We recently saw first-hand lawyers in a much larger firm being outclassed in pre-merger talks by those in their smaller counterpart. Post-merger, however, both firms benefitted – the larger firm from having new top guns on board and the smaller from being part of a far larger department that had real strength in depth.

Getting the integration model right

In my experience, very few law firms have a clearly defined model for post-merger integration.

There are a number of options available from the most common, full integration model favoured by firms like Knights, to the partial integration we have seen with Shakespeare Martineau, part of Ampa – which is the holding LLP with its ‘house of brands’.

There is also a standalone model – something that is much rarer in the legal sector.

When developing an integration model and deciding on the best approach for your business and its acquisition target, fundamental questions need to be asked about how the smaller firm’s brand or culture could be adversely affected by full or even partial integration. Is there a possibility the best talent from the junior partner and associate level will leave?

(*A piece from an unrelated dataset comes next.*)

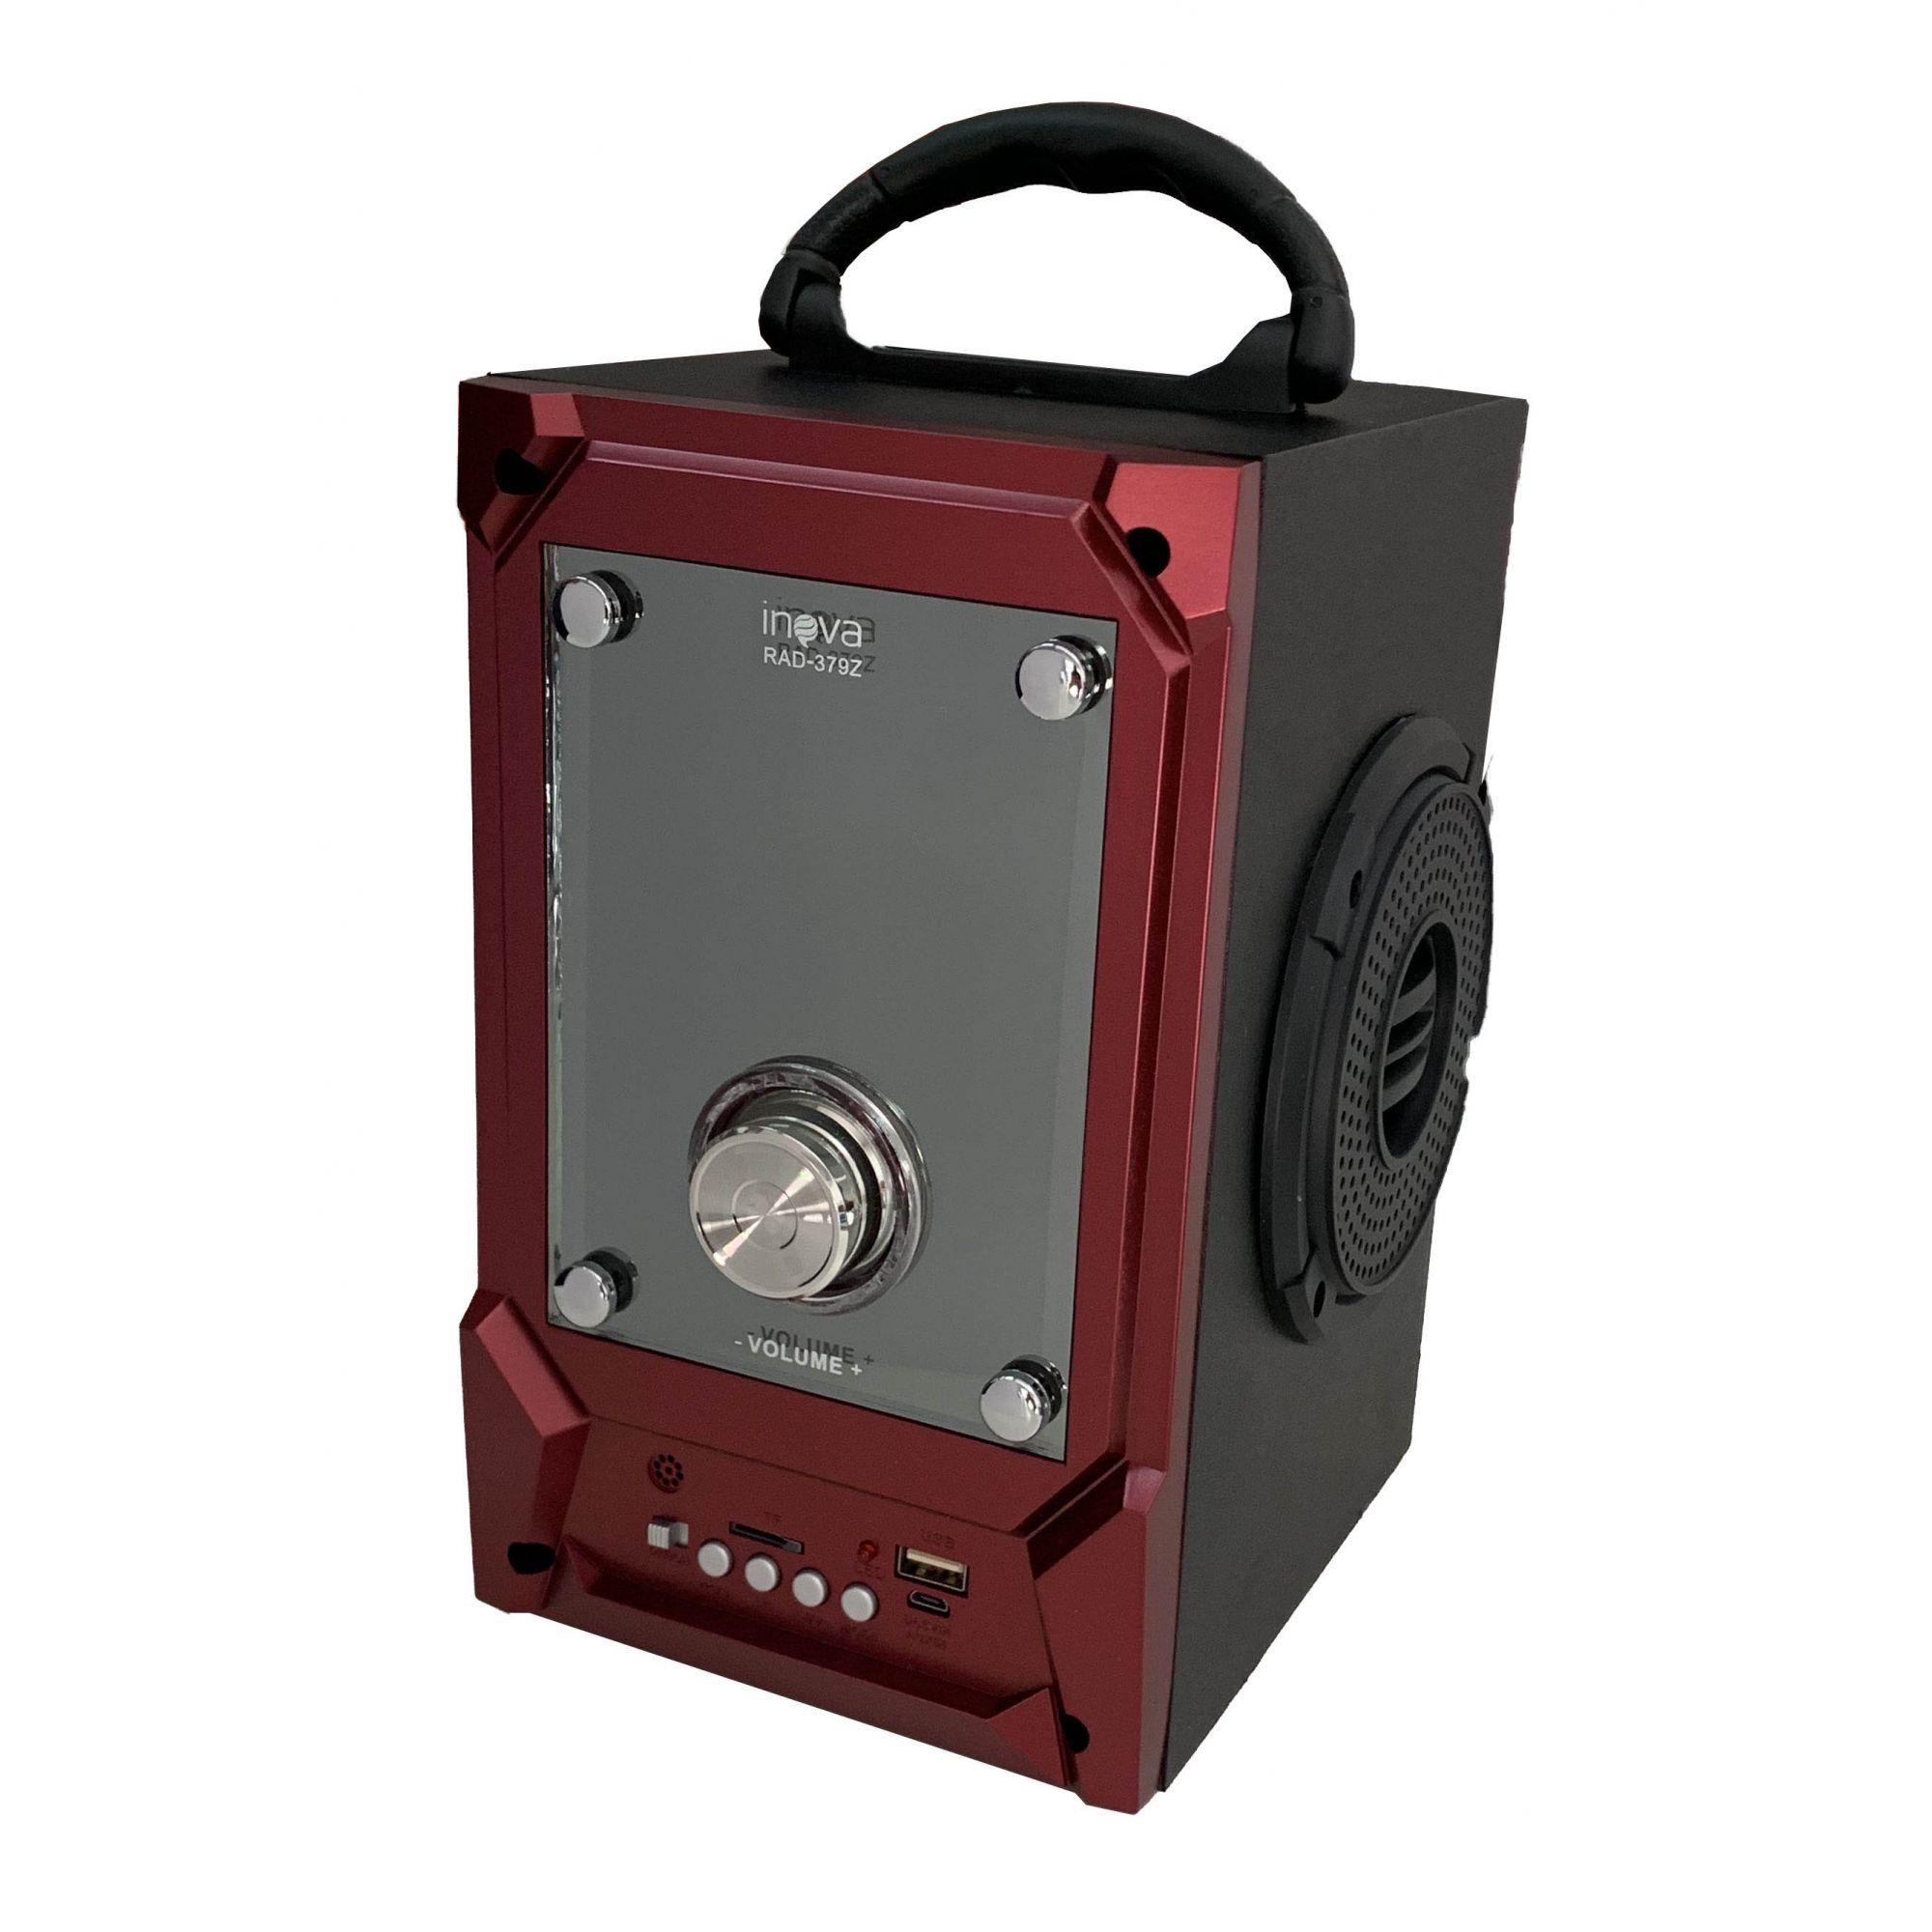 Caixa de som Inova RAD-379Z

All too often have I heard partners from acquirer firms talk of full integration in terms of when, not if it will happen. Unfortunately, very little analysis takes place into the pros and cons of different models. This is intelligently explored by the McKinsey report and can equally be applied in a law firm merger scenario.

It involves considering the control, oversight, operational support and efficiency savings that come with full integration, whilst balancing the need to retain talent, maintain culture and foster innovation – something that can more often be more easily achieved with more hands-off approach to integration.

The report explains that “partial integration can provide the right level of collaboration and coordination while enabling the small brand to safeguard its ‘secret sauce’”—the elements of the target that make it unique – and highlights the importance of “intangible elements such as culture, mindset, and employee affiliation to a brand or vision”.

Too often we see lawyers focus almost entirely on profitability, with far more time and effort given over to financial due diligence when compared to assessing the talent within the organisation and the nature of its culture.

Building an M&A engine

For firms that take a considered and strategically planned approach to M&A, the potential rewards are great. Growth powered through acquisition is far quicker than relying on individual lateral hires, marketing and internal promotions – the traditional levers of growth generally favoured by law firms.

Smaller, bolt-on acquisitions offer the opportunity to scale up, bring in new service offerings and boost your firm’s expertise in profitable sectors, with relatively low risk to your existing business.

These benefits will only be realised, however, if you approach M&A looking at what your firm has to offer any acquisition, how you can best retain what has made them a success and how you can achieve a model that works for both parties.